THE DATA:
╭──

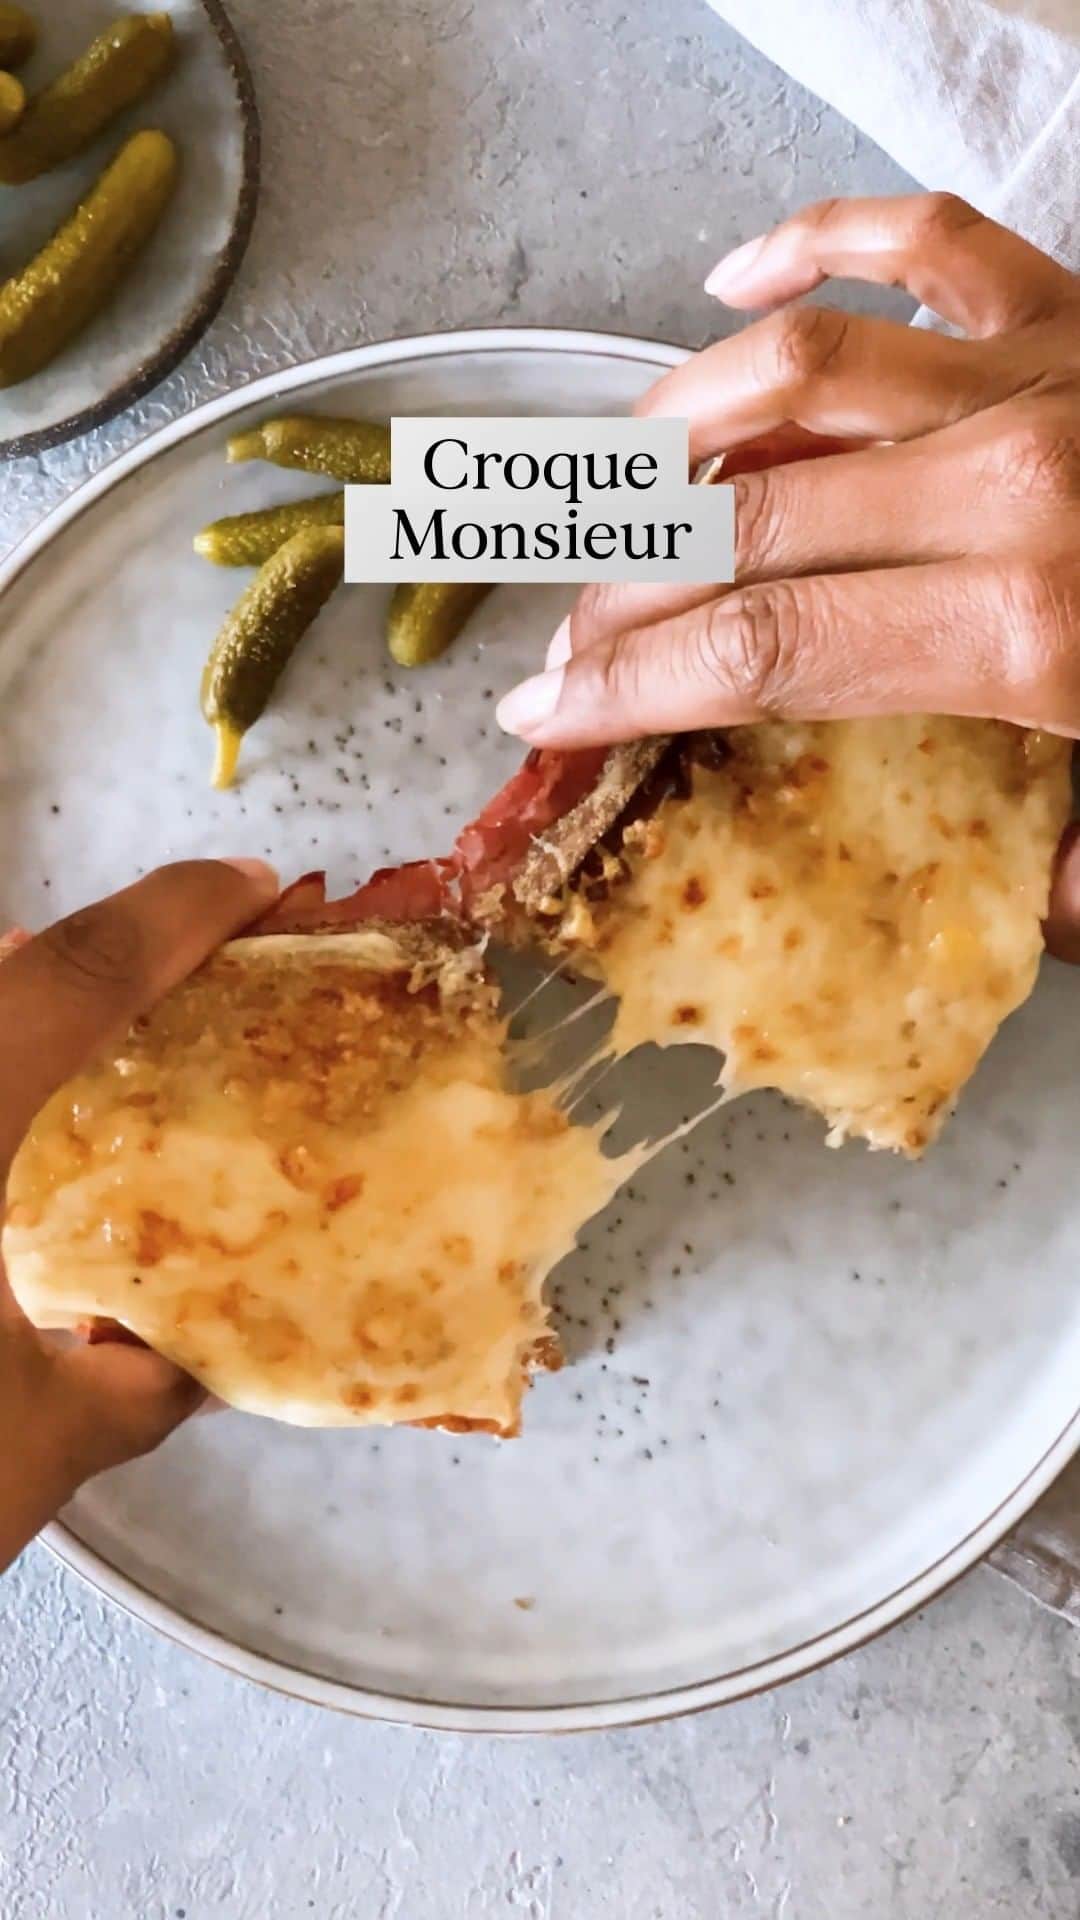 Tesco Food Officialのインスタグラム：「Only the finest Swiss cow's milk goes into making our Tesco Finest Gruyere. Take your ham and cheese toastie up a notch and try it in this croque monsieur recipe for a melted masterpiece. Head to the link in bio for the recipe.」
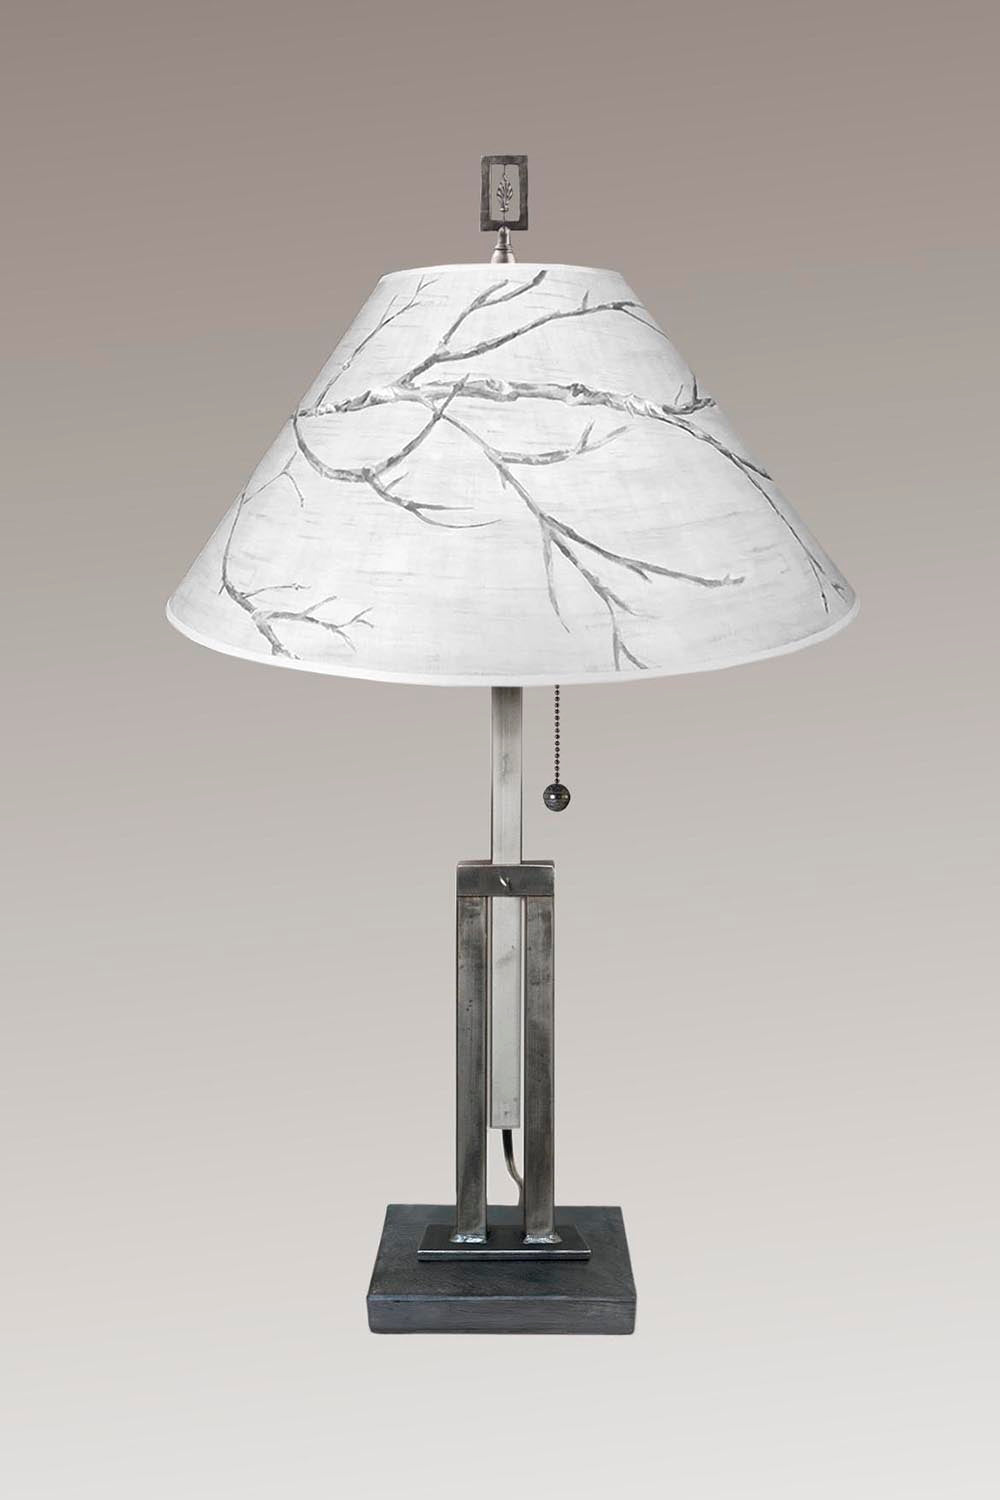 Janna Ugone &amp; Co Table Lamps Adjustable-Height Steel Table Lamp with Large Conical Shade in Sweeping Branch
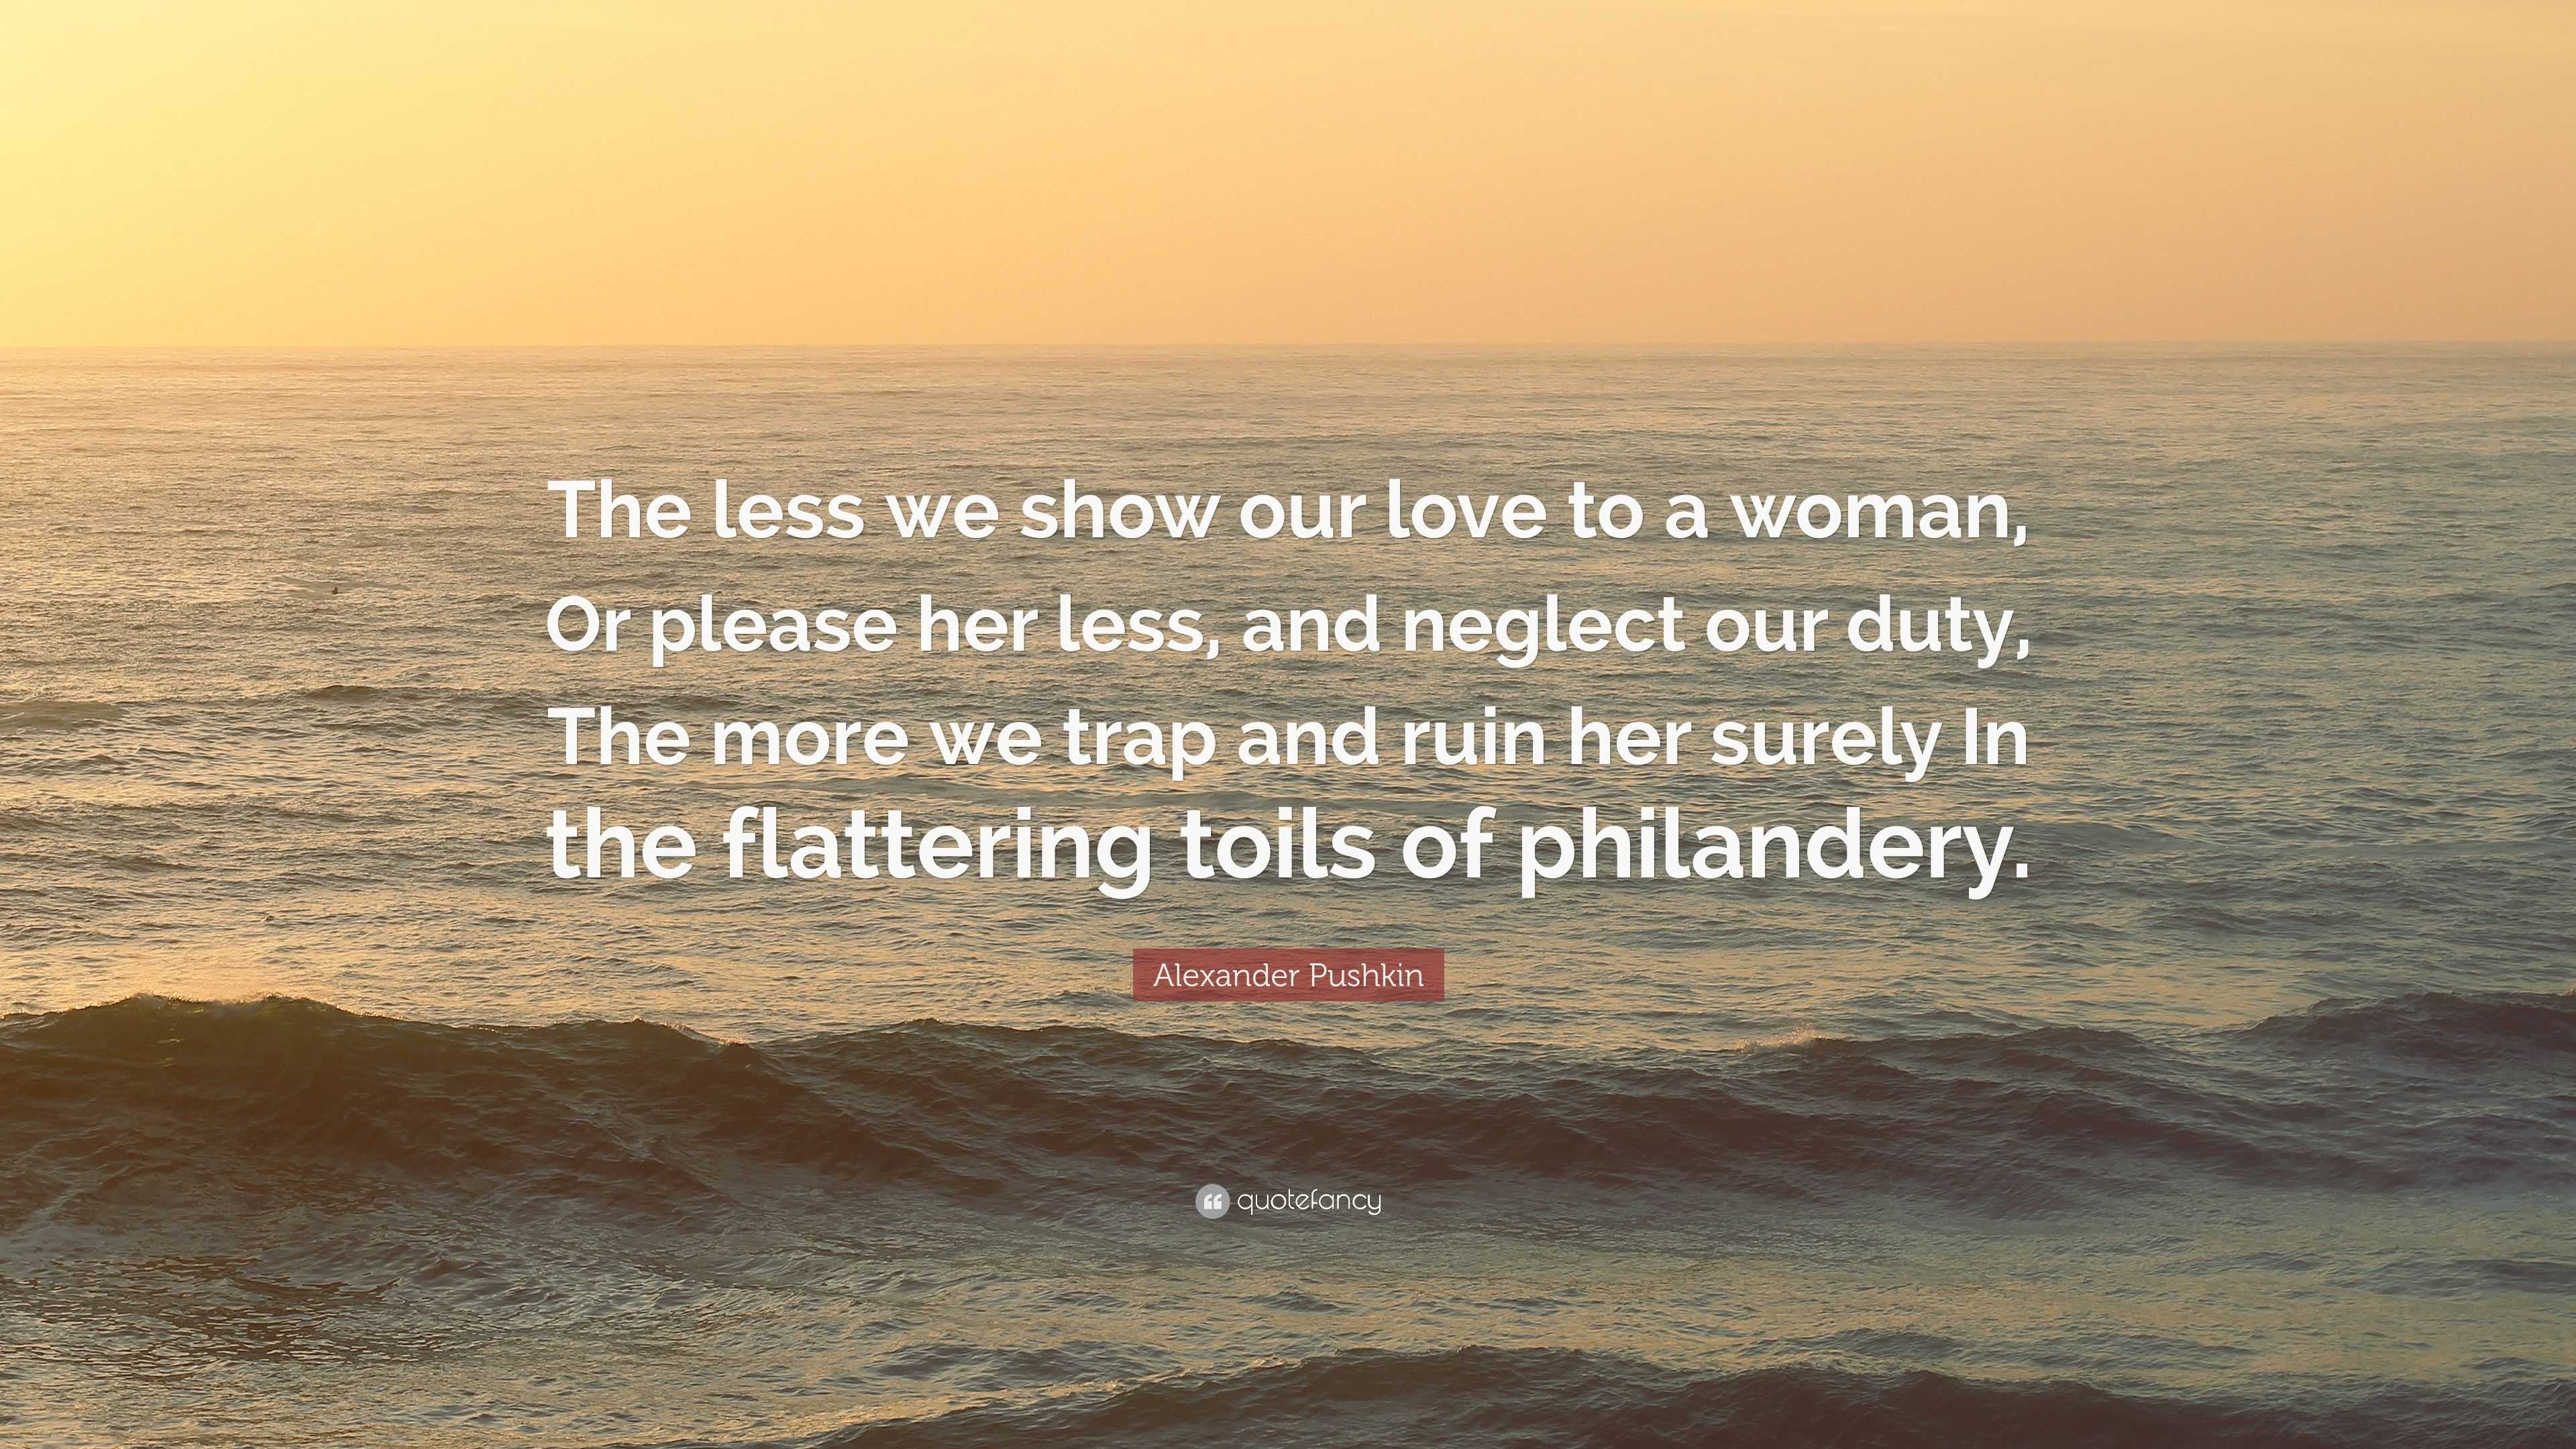 Alexander Pushkin Quote: “The less we show our love to a woman, Or ...

╰──

REQUIRED ACTION: Quote the material above exactly, from the line holding "Janna Ugone &amp;" through its last line, including both. Omit the pictures.

ANSWER SECTION:
 Janna Ugone &amp; Co Table Lamps Adjustable-Height Steel Table Lamp with Large Conical Shade in Sweeping Branch
 Alexander Pushkin Quote: “The less we show our love to a woman, Or ...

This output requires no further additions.